The key levers you control are:

time_attr: What unit of progress PBT uses to decide when to perturb. Usually epoch or training_iteration.
reward_attr: The metric PBT uses to determine "fitness." This must be a metric you tune.report() during training.
hyperparam_mutations: The space PBT will sample from when perturbing hyperparameters. This defines the range and type of mutations.
perturbation_interval: How often PBT checks if it’s time to copy/mutate hyperparameters. A smaller interval means more frequent adaptation.
resample_probability: The chance that a trial will not be perturbed and will instead resample its hyperparameters from scratch.
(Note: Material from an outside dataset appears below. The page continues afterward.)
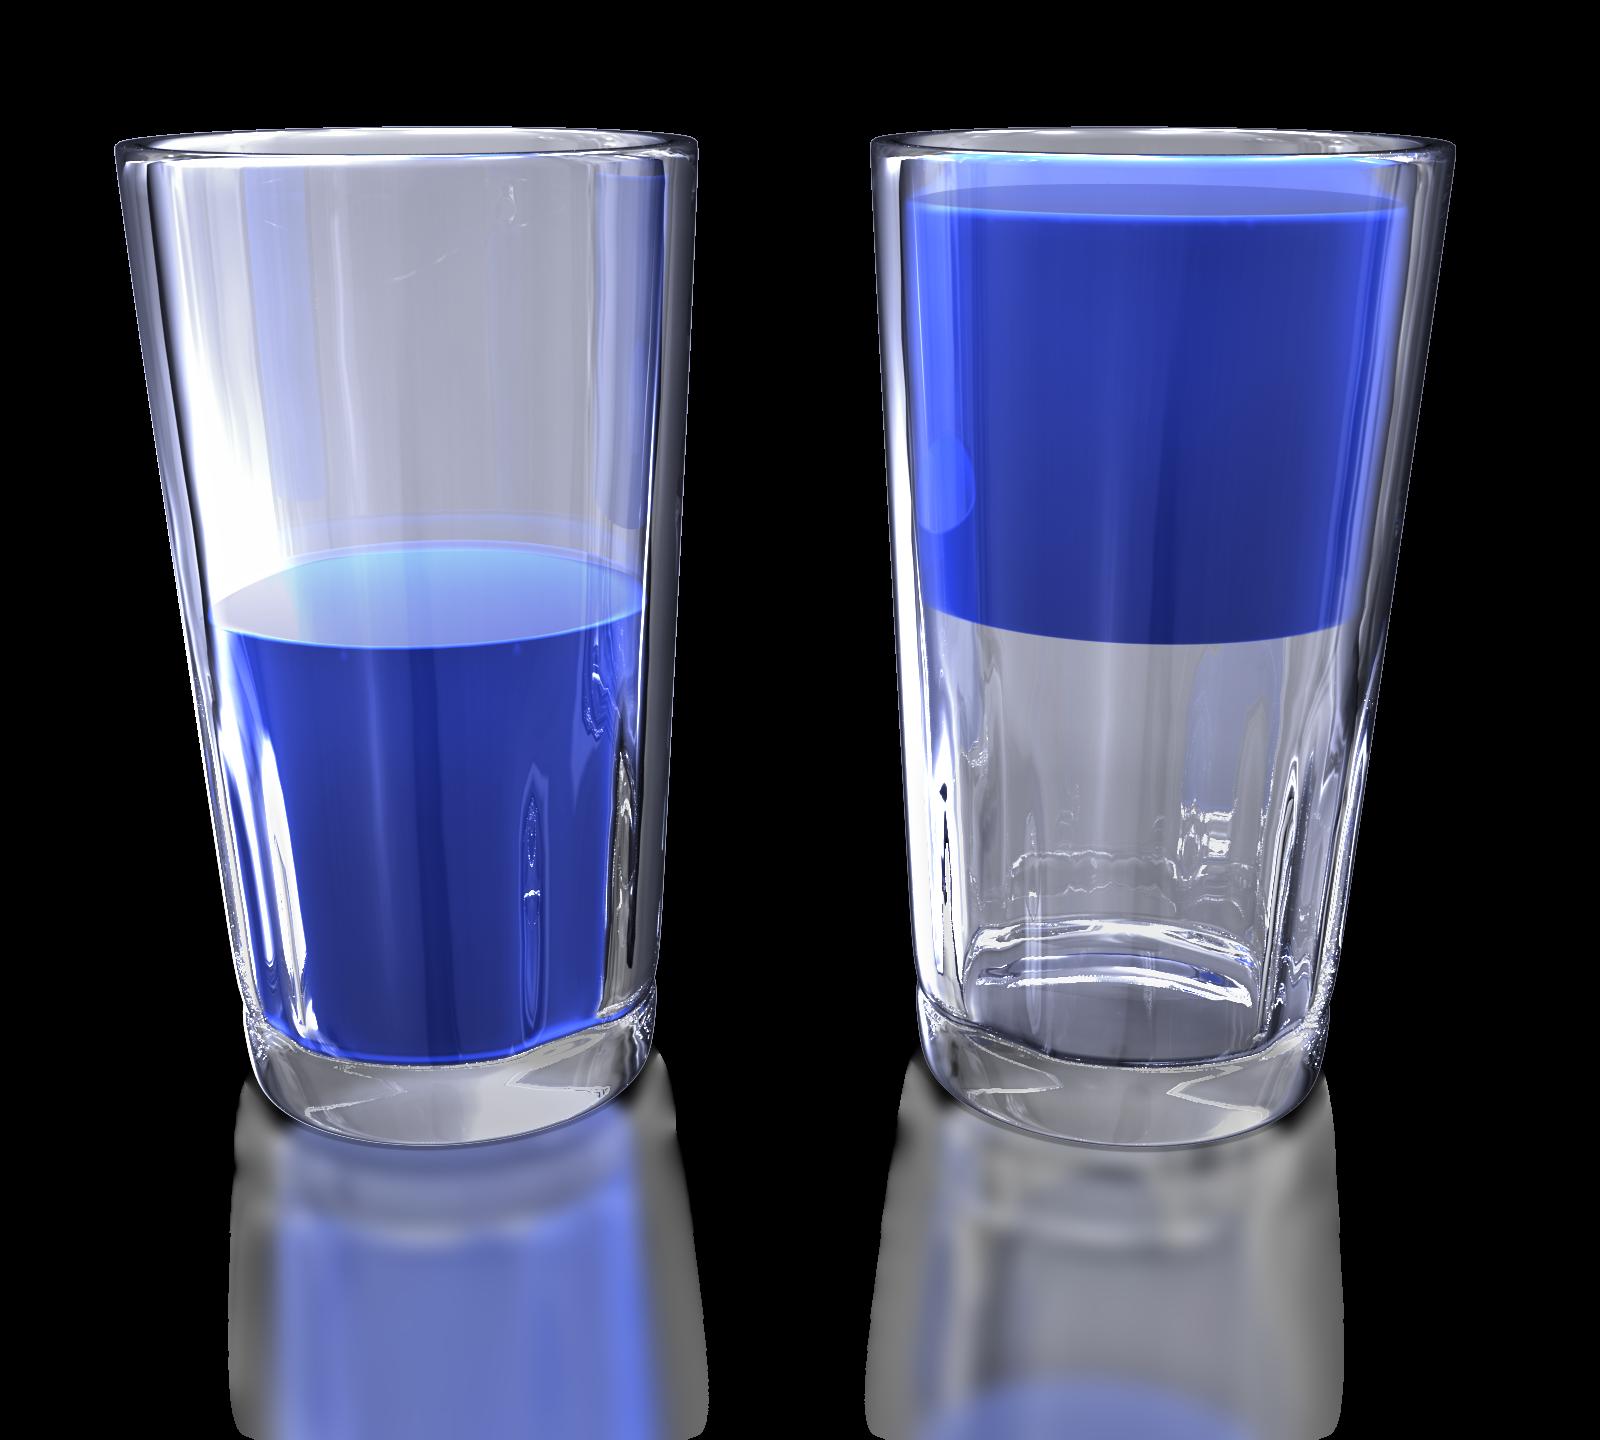 Shot clipart glass tumbler. Half full or empty

This helps avoid getting stuck in local optima.
quantile_fraction: Determines how many of the best trials are considered for copying hyperparameters. A quantile_fraction of 0.25 means the top 25% best trials’ hyperparameters are candidates for copying.
num_samples: The size of your population. More samples mean a larger search space explored simultaneously, but also more resources used.

PBT works by creating a PopulationBasedTraining scheduler object. You then pass this scheduler to tune.run. Inside tune.run, for each trial, you must tune.report() the time_attr and reward_attr. The scheduler monitors these reports. When perturbation_interval is met, it looks at the reported reward_attr values across all active trials. It identifies the best-performing trials based on quantile_fraction and then samples hyperparameters from their configurations. These sampled hyperparameters are then used to "resume" the training of other, less fit trials. The hyperparam_mutations define the distribution from which these new hyperparameters are drawn, allowing for exploration around the successful ones.

The resample_probability is crucial. If a trial’s hyperparameters are copied, there’s a chance it will also randomly resample its hyperparameters from the hyperparam_mutations space. This prevents the population from becoming too homogeneous and getting stuck in a local optimum. Instead, it ensures that even the "winners" might try something a bit different.

When PBT copies hyperparameters, it doesn’t restart the trial. It takes the current state of a trial and applies the new hyperparameters to its future training steps. This is how it achieves continuous evolution.

What happens is that the PBT scheduler, after a perturbation_interval, will look at the reported reward_attr for all trials that have reached that time_attr milestone. It then selects a subset of the best trials (based on quantile_fraction). For each trial that is not among the best, the scheduler picks one of the best trials (with a probability based on their relative performance) and copies its hyperparameters. It then applies the hyperparam_mutations to these copied hyperparameters, and the less fit trial resumes training with these potentially new values.

The next thing you’ll likely want to explore is how PBT interacts with more complex search spaces and how to properly set the perturbation_interval and quantile_fraction for different problem types.